Activity: Only an exact repeat of the listing, without its images, counts as the answer.

Information provided:

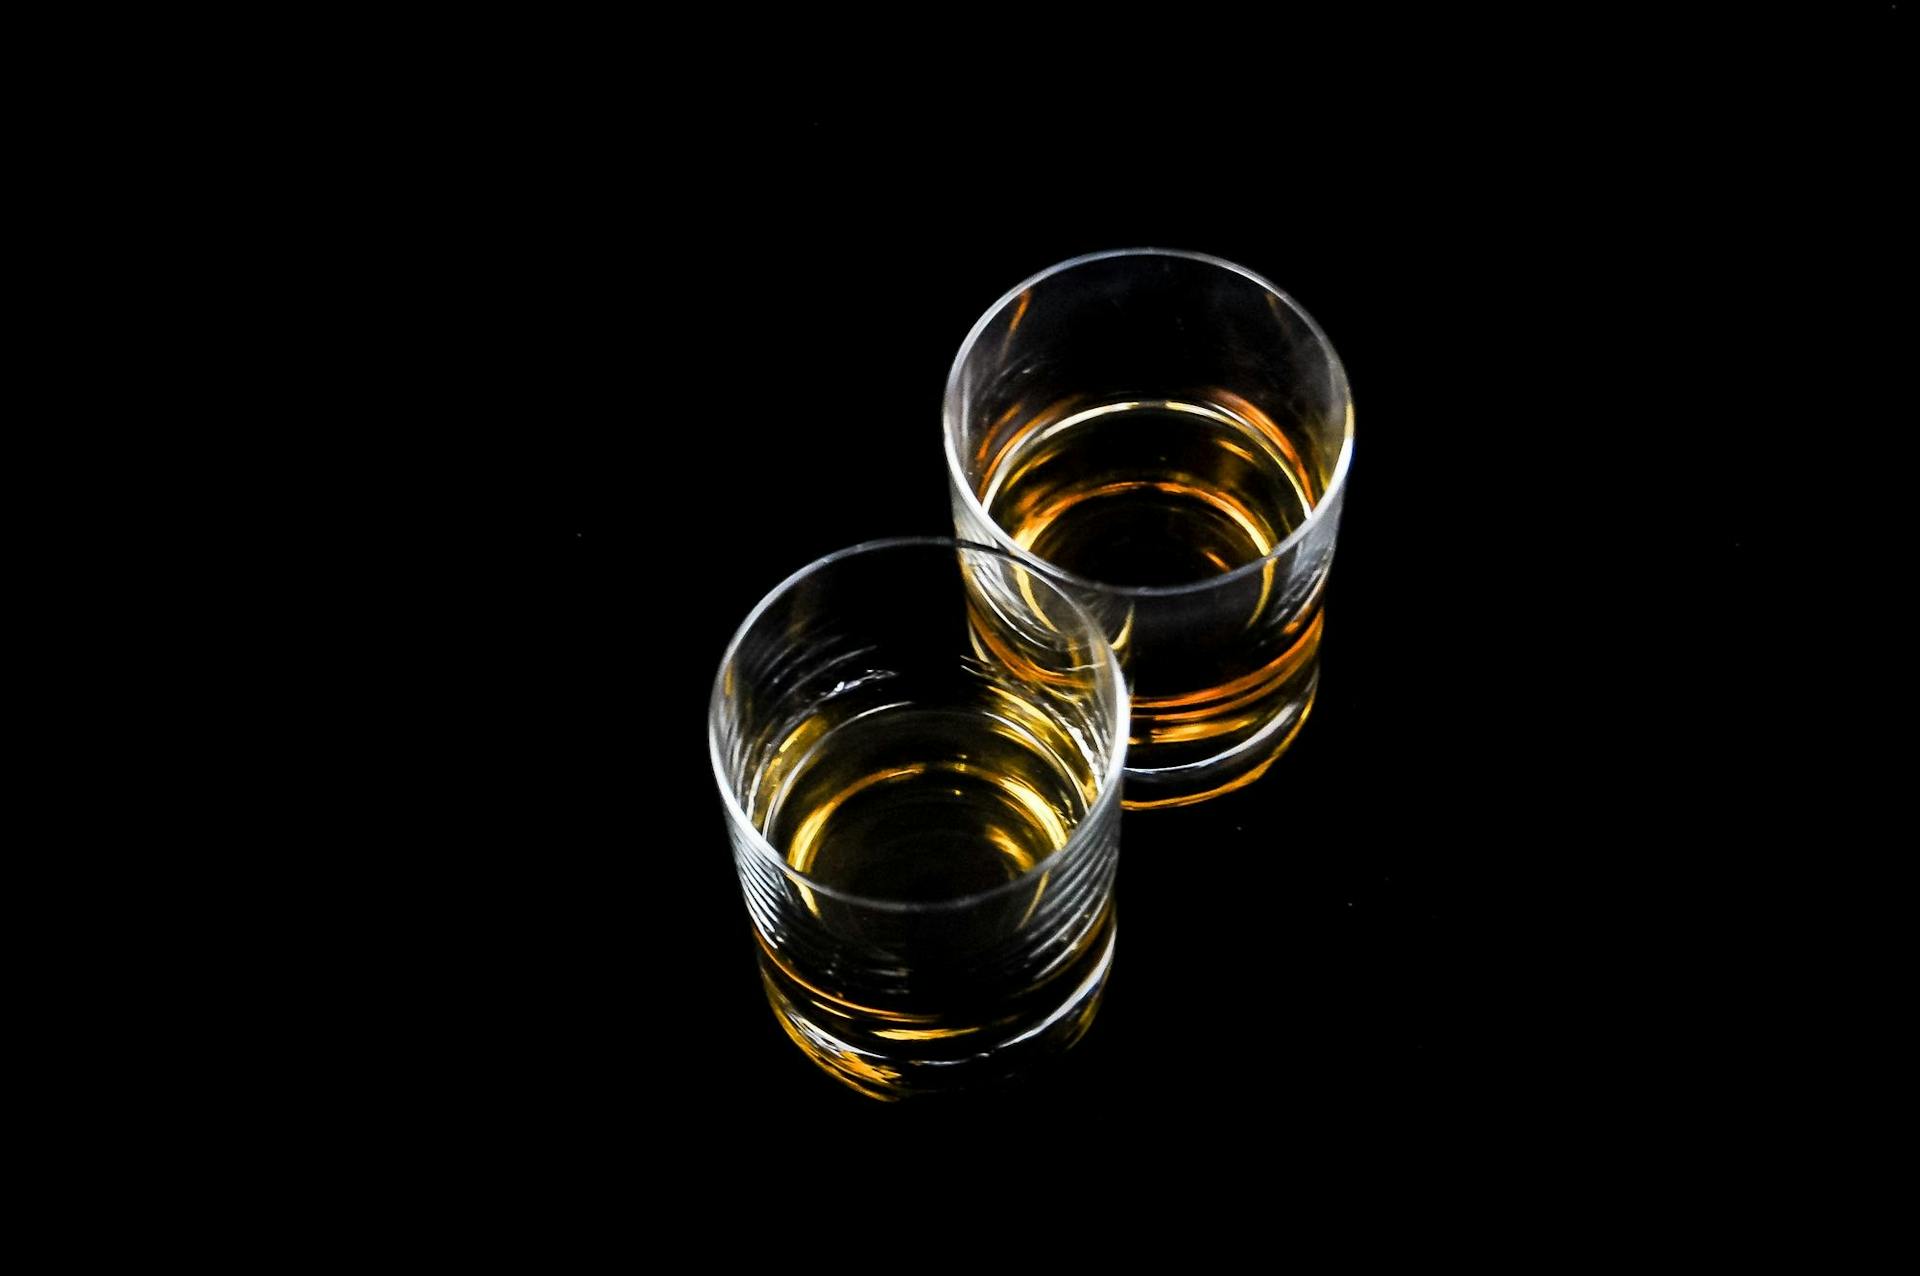 Two glasses of alcohol | Source: Pexels
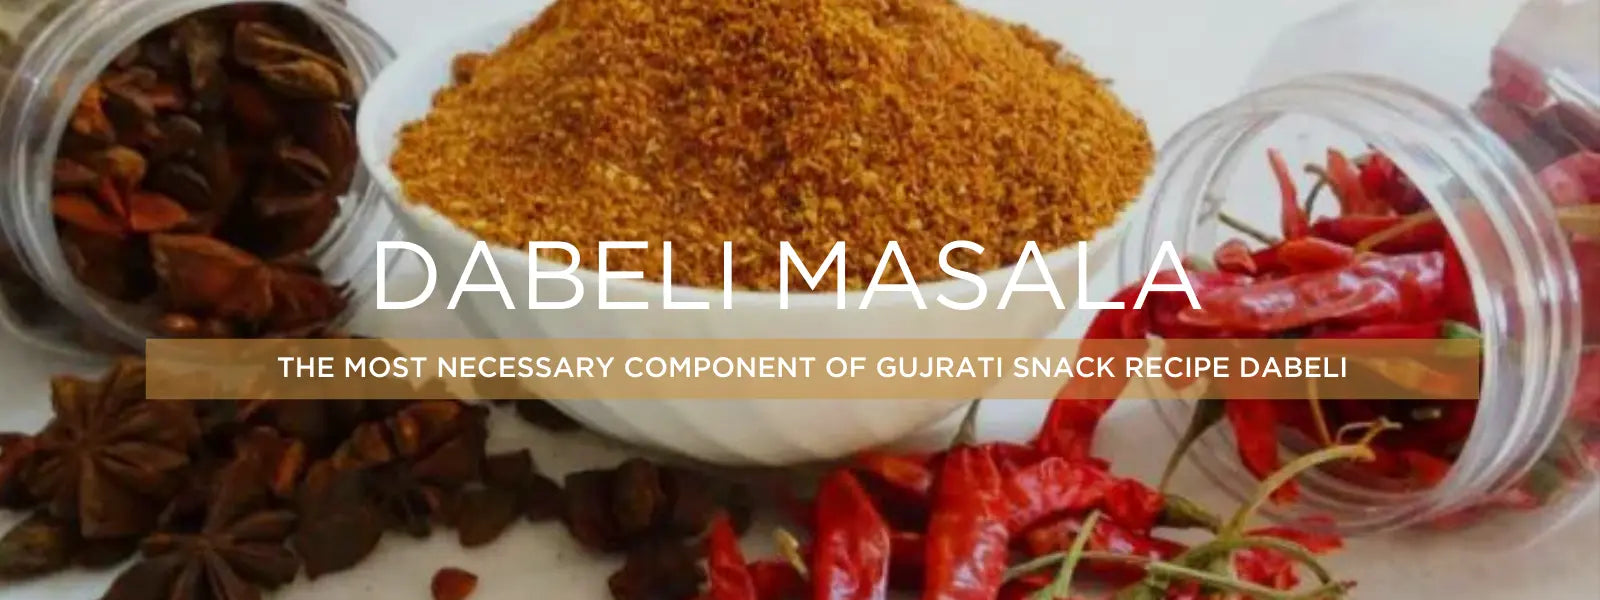 Dabeli Masala - Health Benefits, Uses and Important Facts
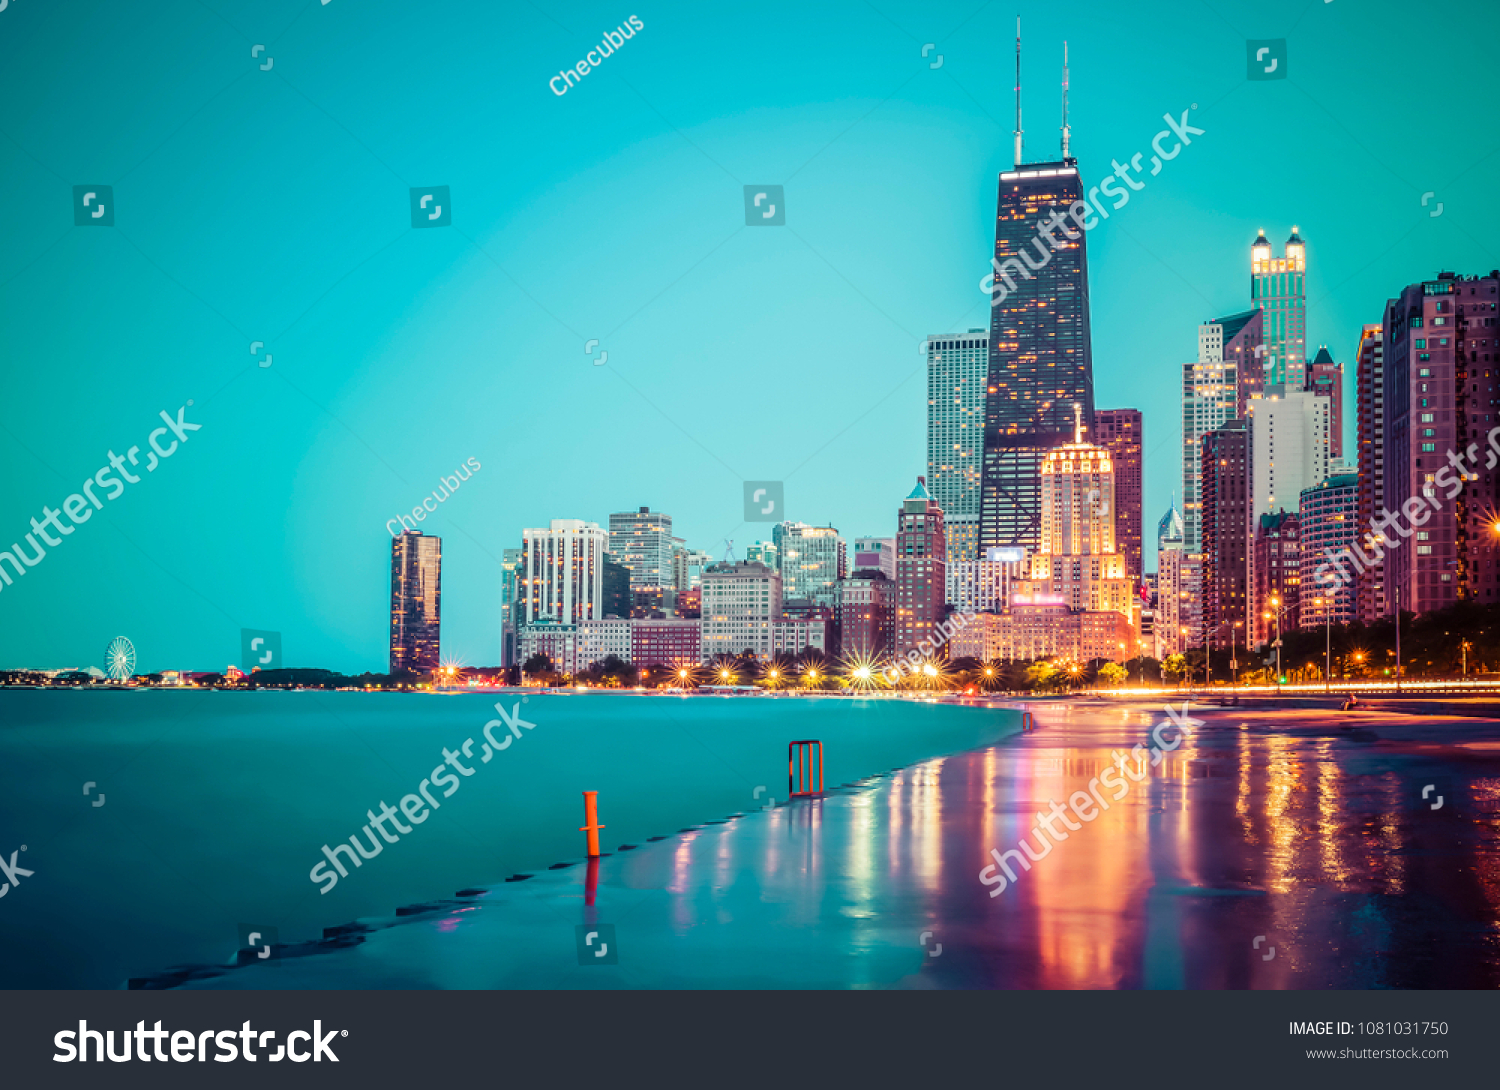 Chicago skyline at sunset with cloudy sky and reflection in water. #1081031750
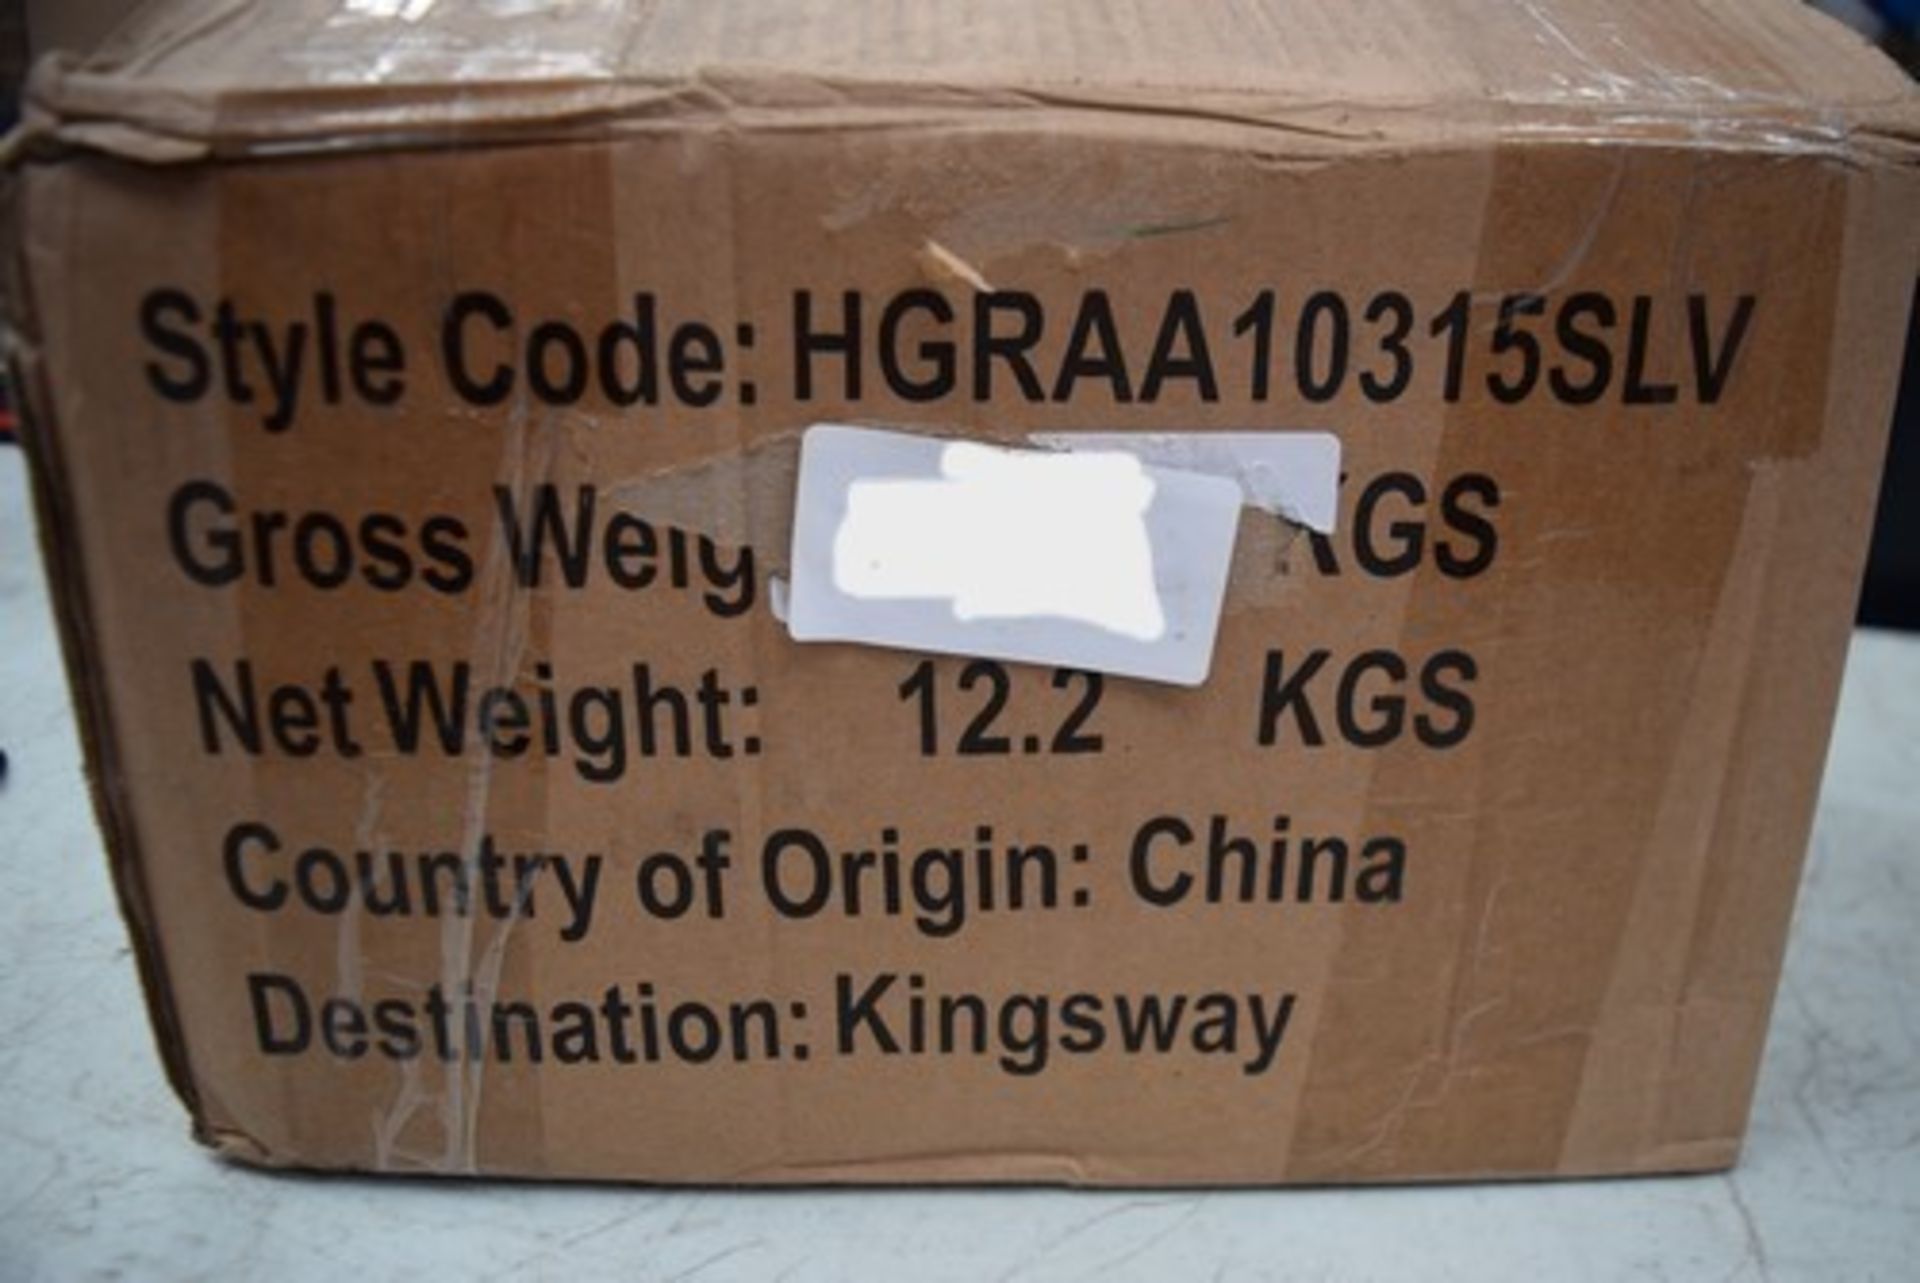 2 x boxes, each containing 60 x packs of 10 Higear 7" round wire pegs, - new in pack (adjacent S/R) - Image 3 of 3

Result of the task:
 Two glasses of alcohol | Source: Pexels
 Dabeli Masala - Health Benefits, Uses and Important Facts
 Chicago skyline at sunset with cloudy sky and reflection in water. #1081031750
 2 x boxes, each containing 60 x packs of 10 Higear 7" round wire pegs, - new in pack (adjacent S/R) - Image 3 of 3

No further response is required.